Exercise details
An exact copy of the data is required; the images should not appear in it.

Information shown
====

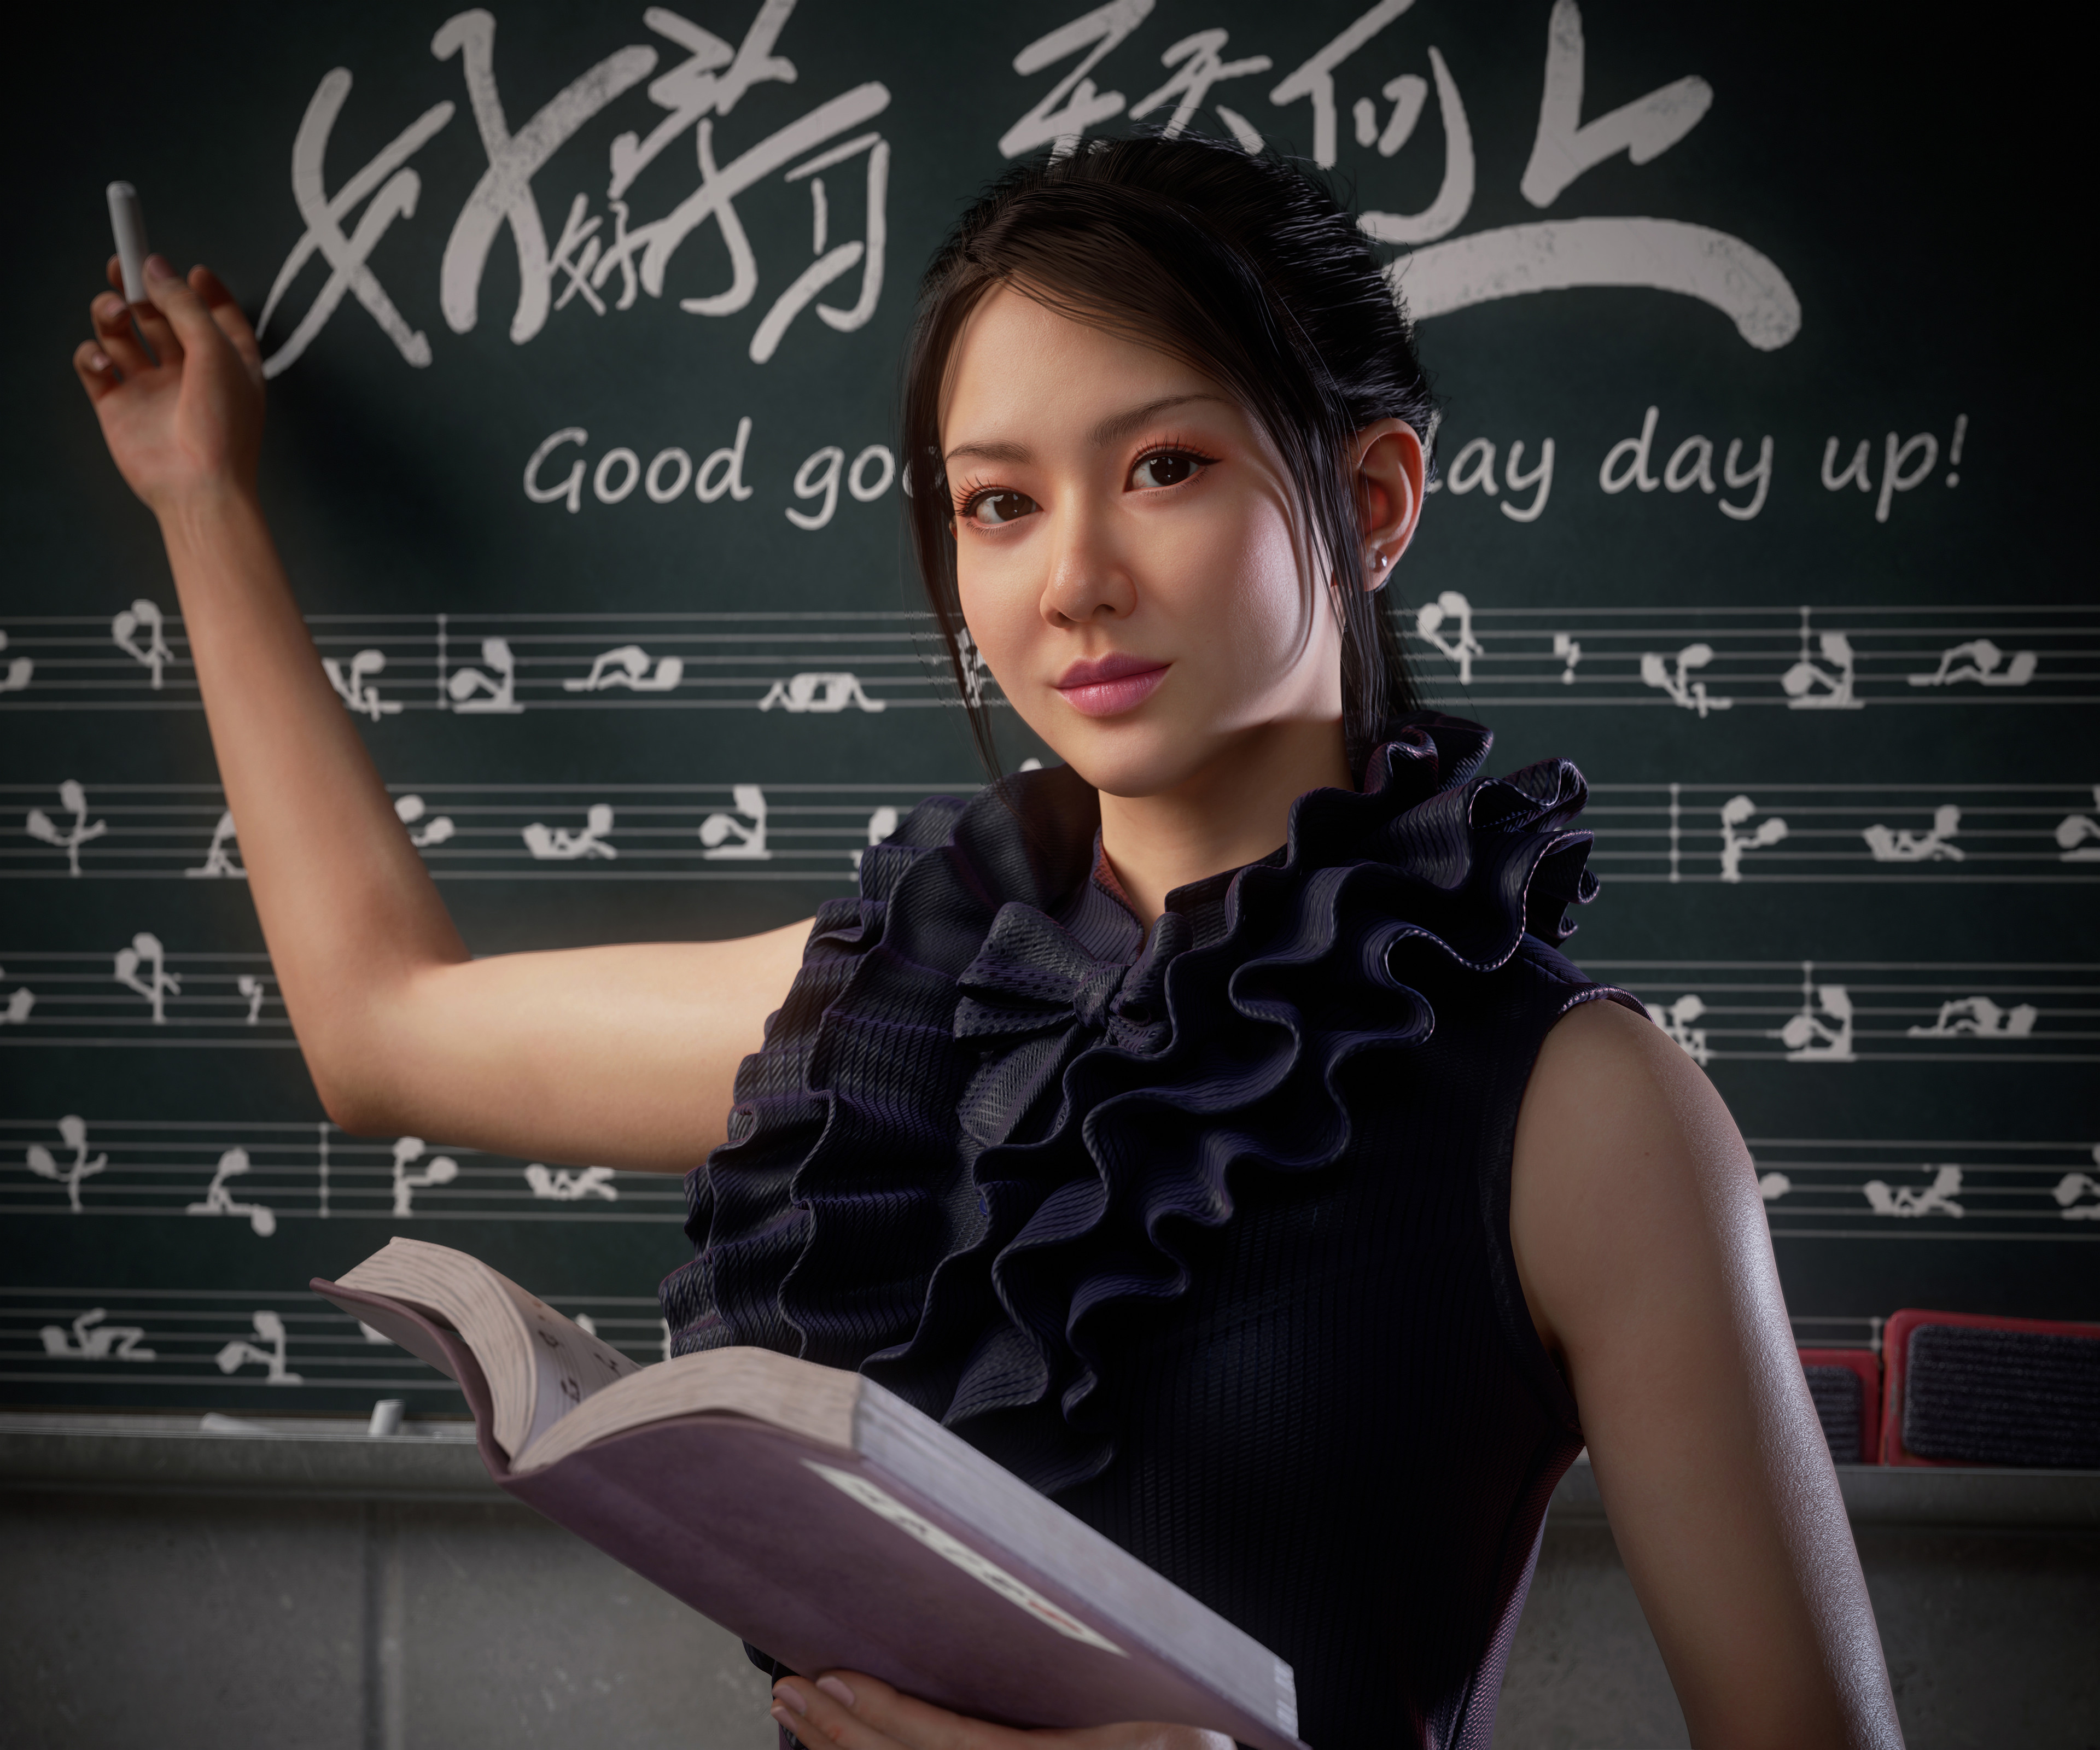 Zhang Fuzeng CGi Women Dark Hair Teachers Chalkboard Looking At Viewer Smiling Asian 3840x3200
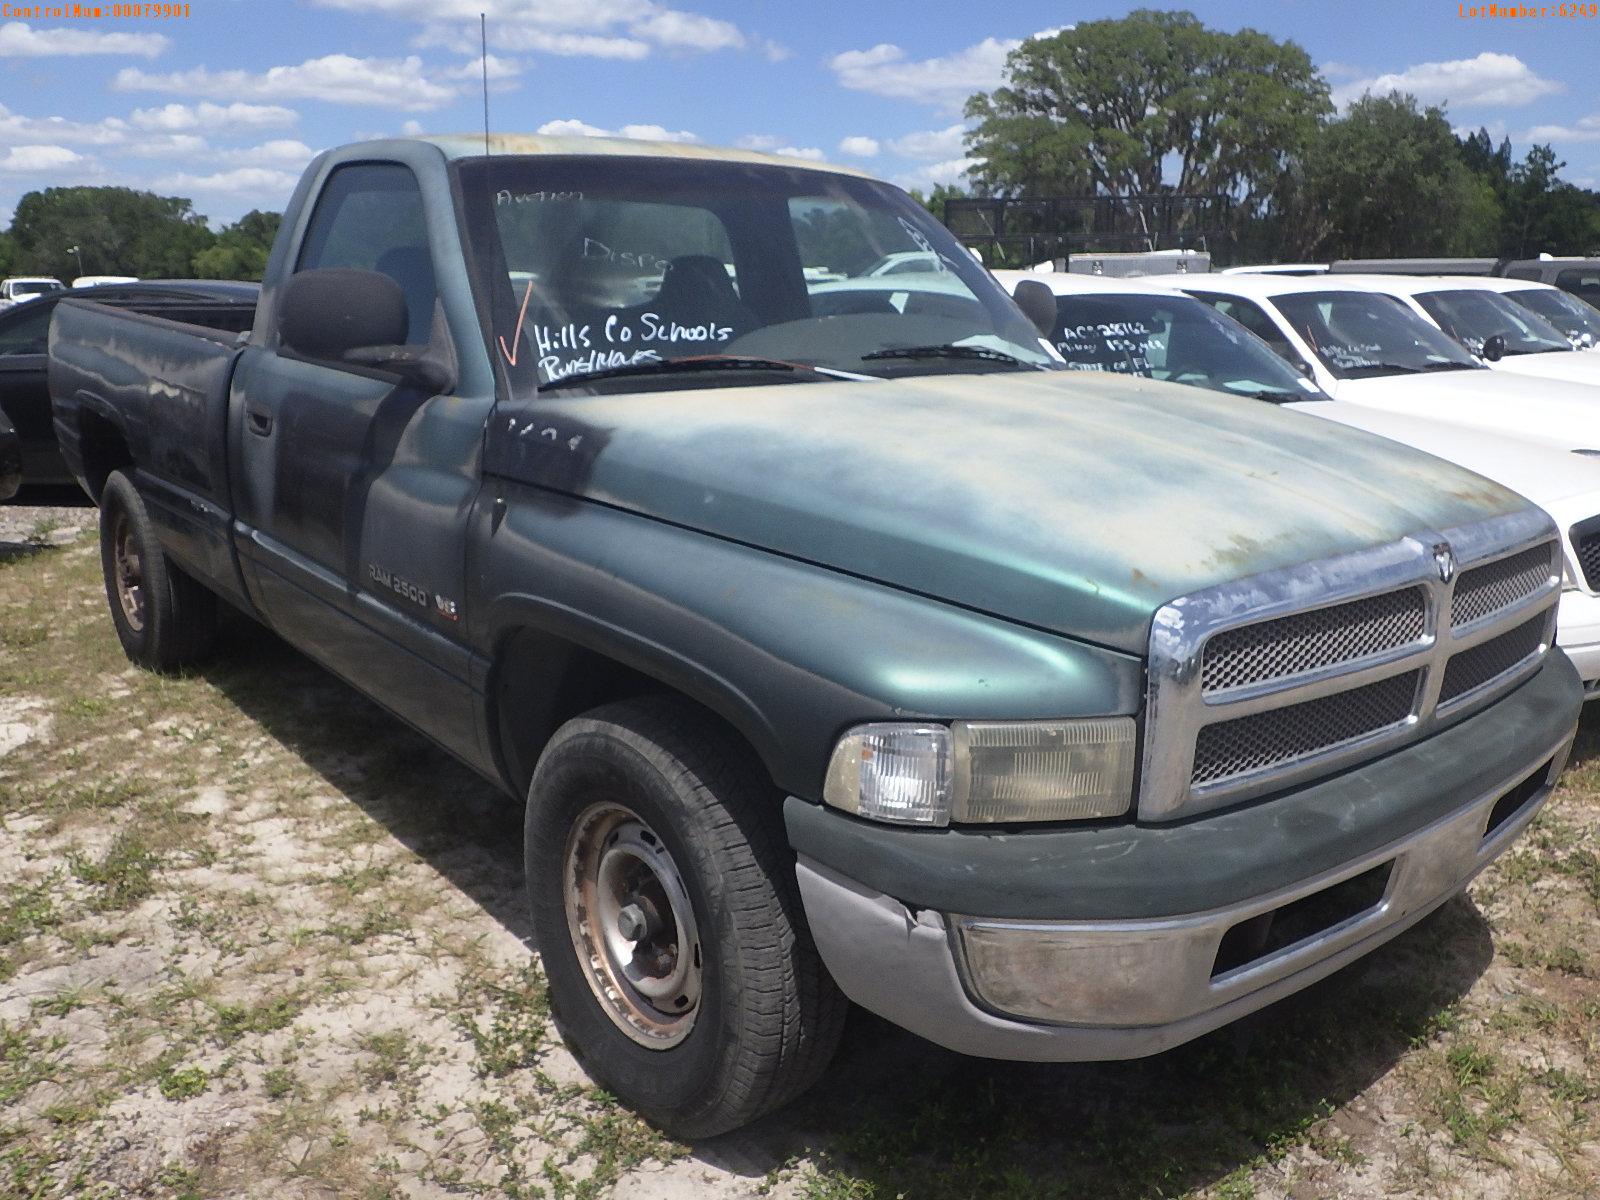 5-06249 (Trucks-Pickup 2D)  Seller: Gov-Hillsborough County School 1999 DODG RAM
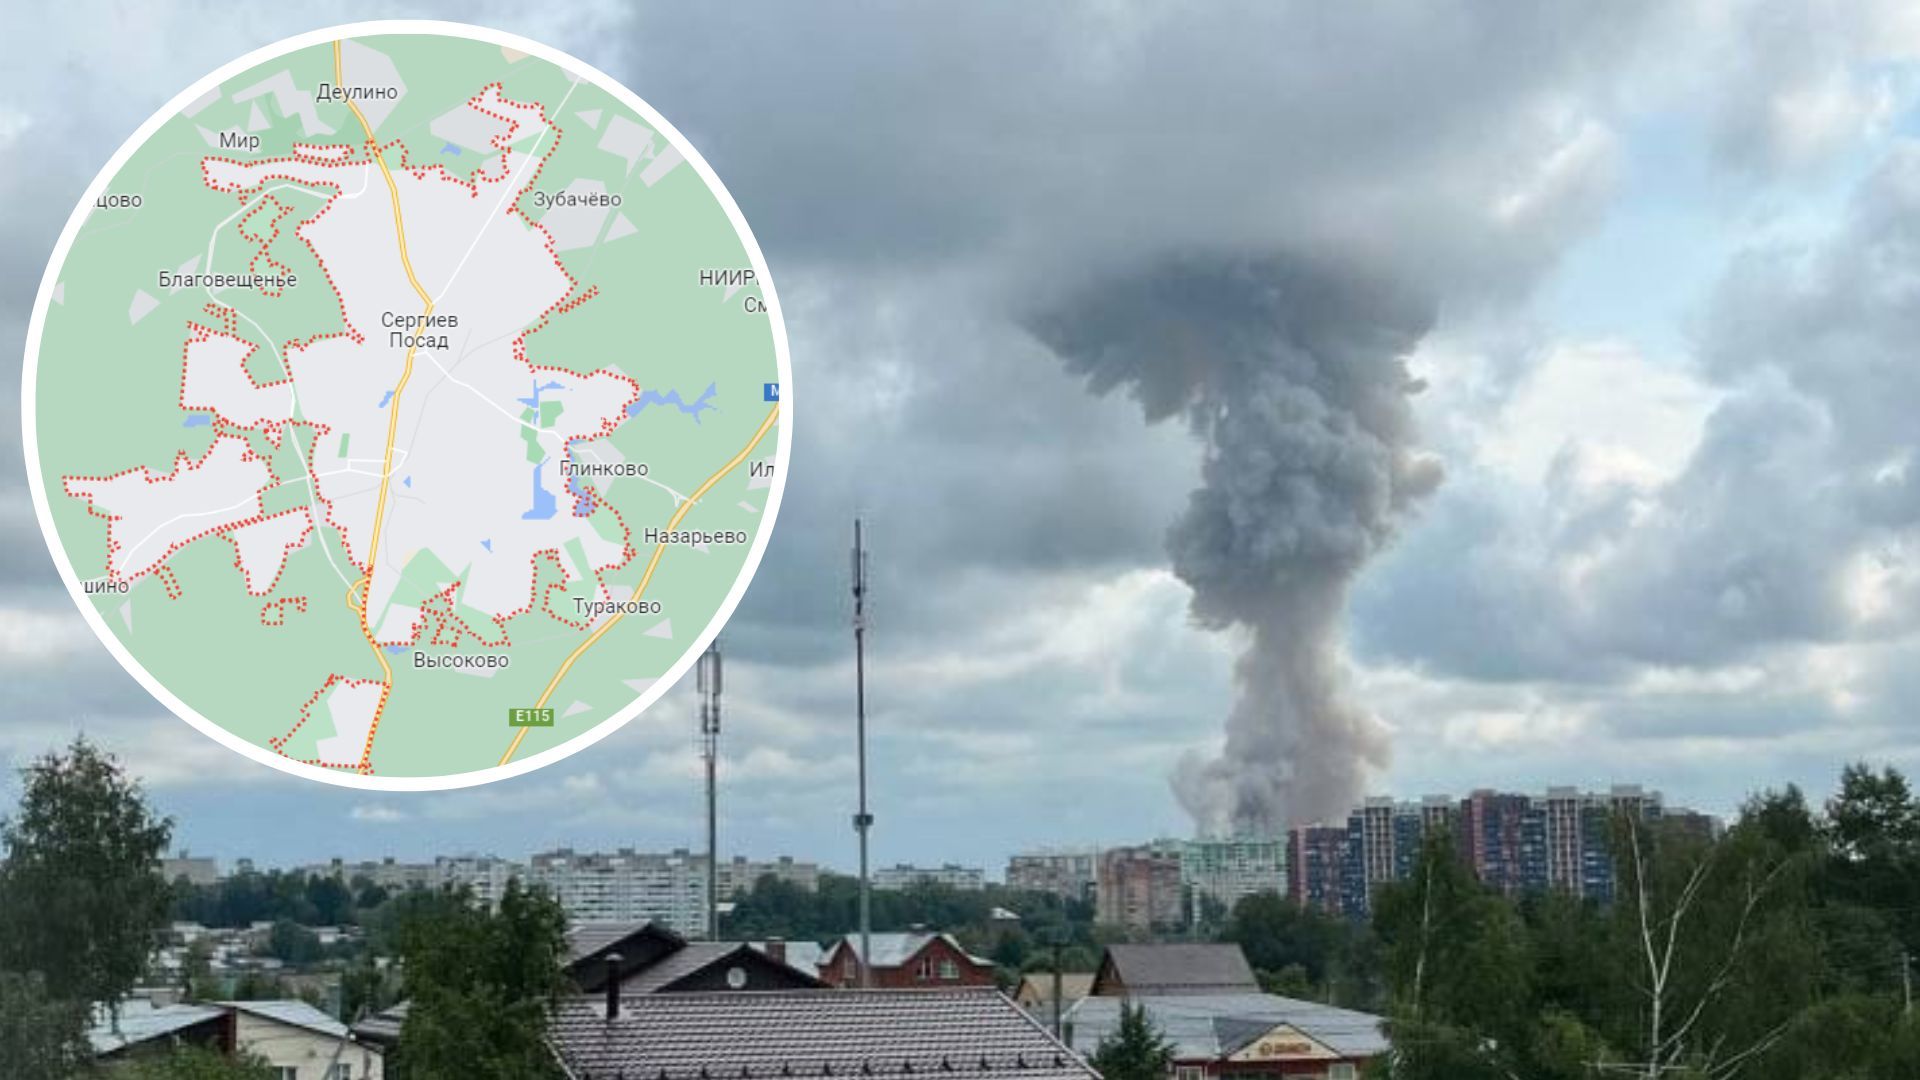 Вблизи Москвы произошел сильный взрыв 9 августа

====

Result
 Zhang Fuzeng CGi Women Dark Hair Teachers Chalkboard Looking At Viewer Smiling Asian 3840x3200
 5-06249 (Trucks-Pickup 2D)  Seller: Gov-Hillsborough County School 1999 DODG RAM
 Вблизи Москвы произошел сильный взрыв 9 августа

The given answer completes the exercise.